::: Data

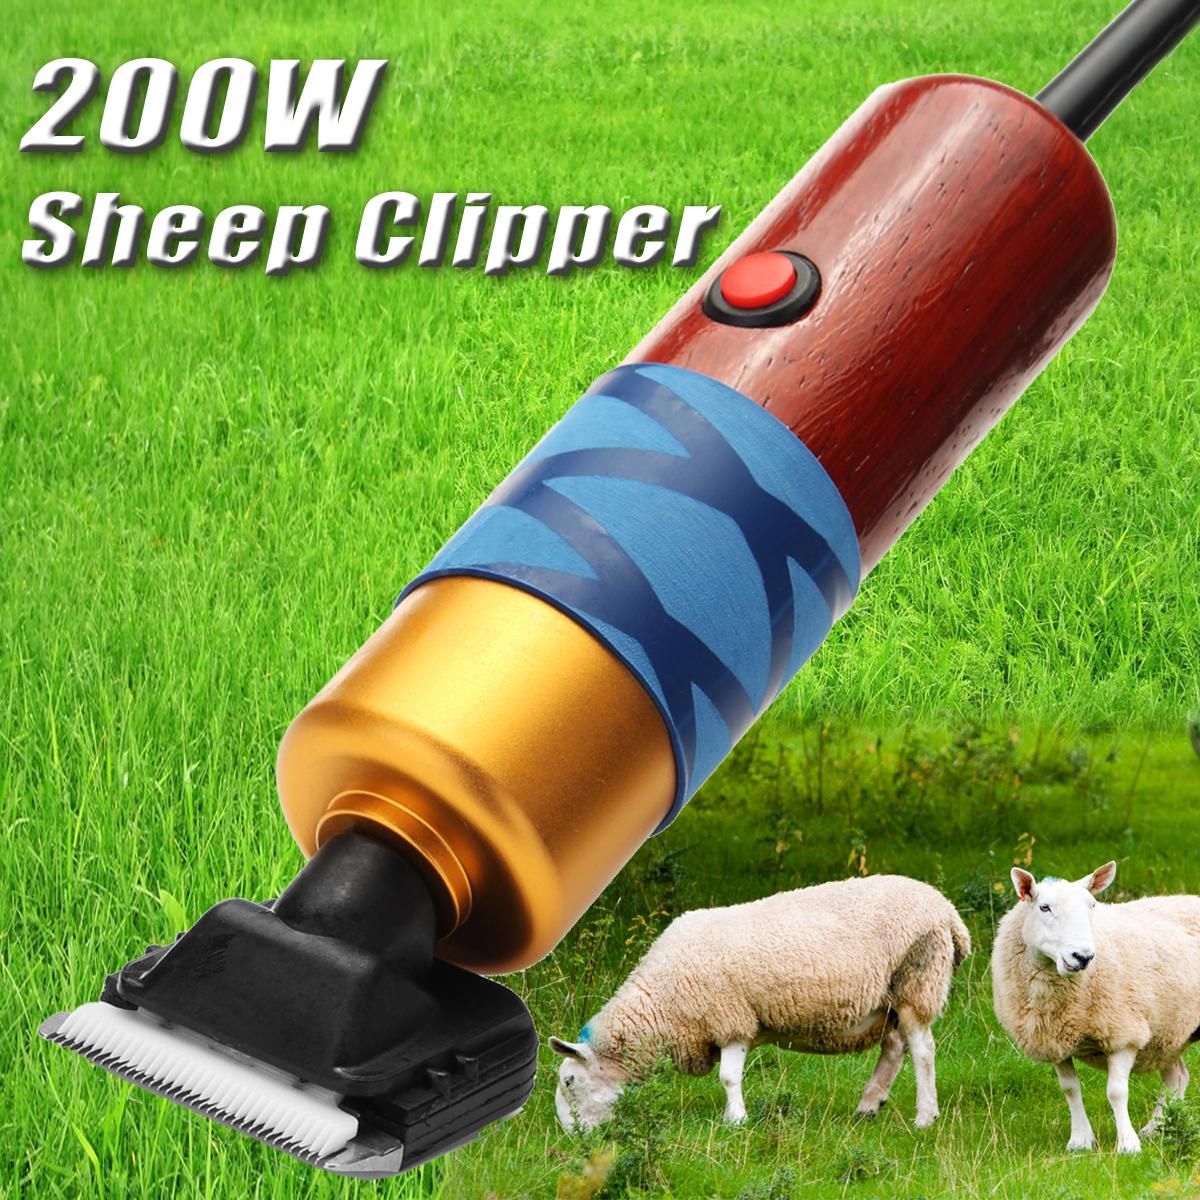 200W Sheep Clipper Professional Собака Уход Набор Для кролика Pet Собака Уход Набор
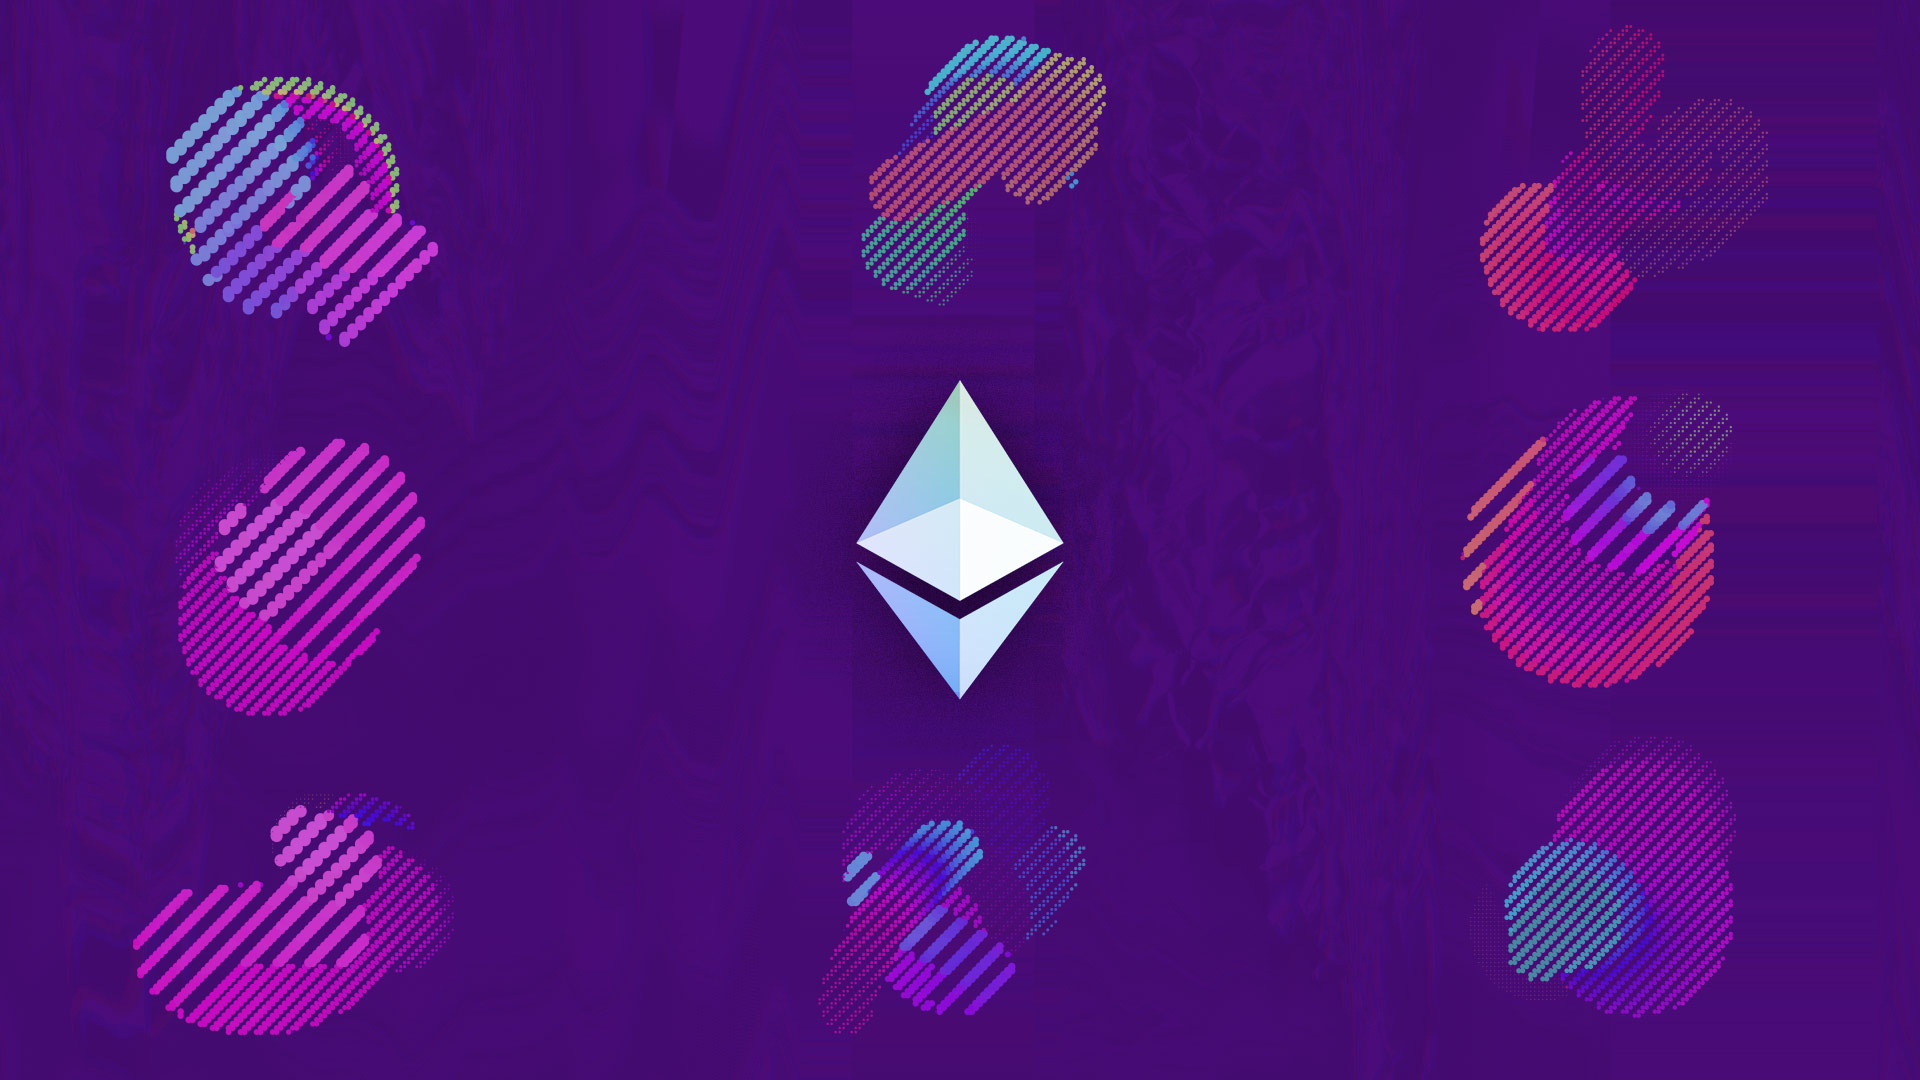 Ethereum-compatible developer platform Aurora raises $12 million
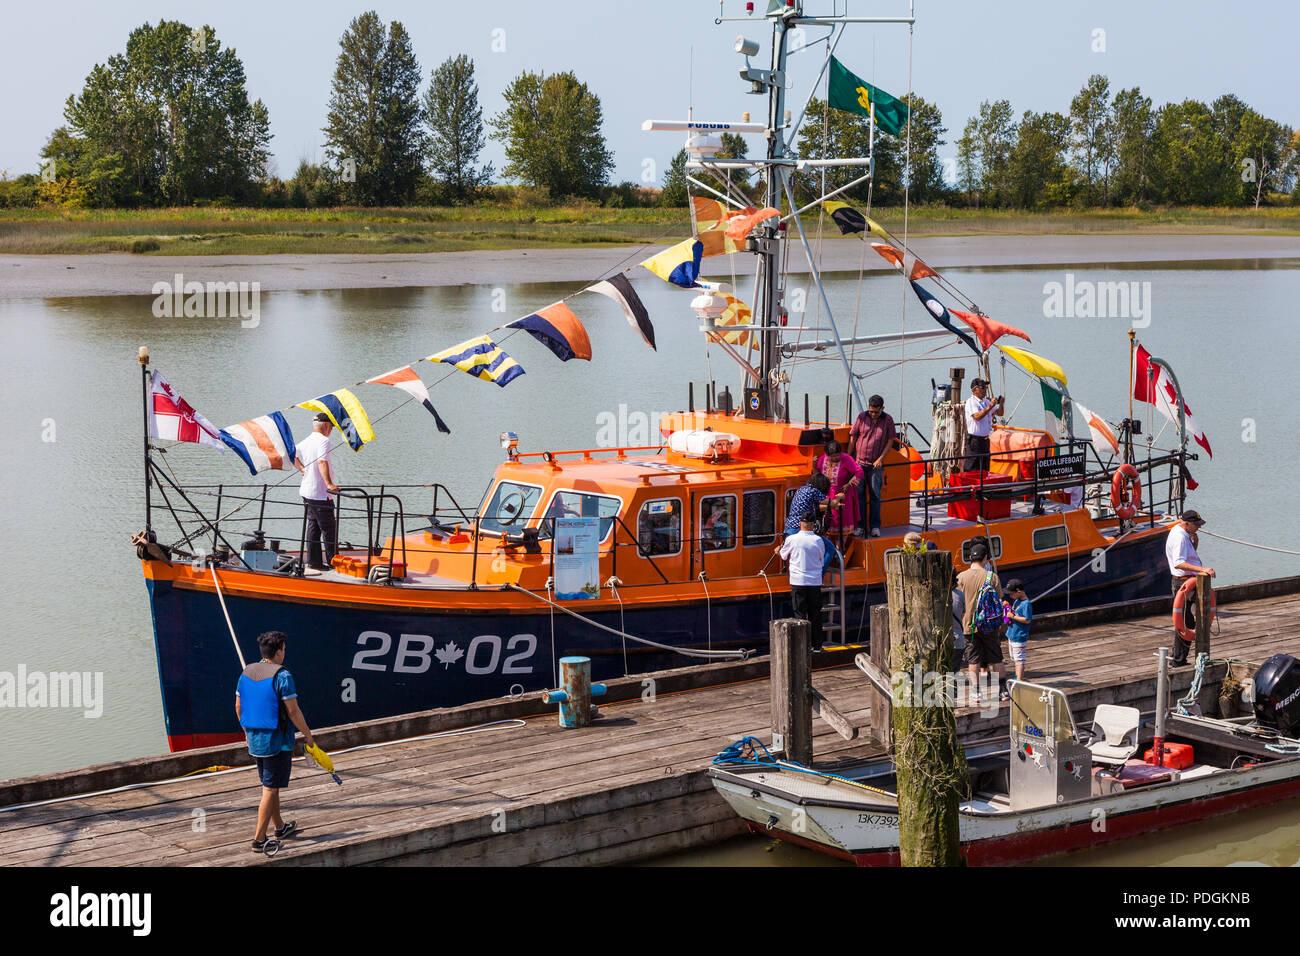 Steveston Lifeboat 2B-02 on display at the 2018 Steveston Maritime Festival - Stock Image

::::::

Each line above is to be copied exactly, and the pictures are to be dropped.

Result:
 200W Sheep Clipper Professional Собака Уход Набор Для кролика Pet Собака Уход Набор
 Ethereum-compatible developer platform Aurora raises $12 million
 Steveston Lifeboat 2B-02 on display at the 2018 Steveston Maritime Festival - Stock Image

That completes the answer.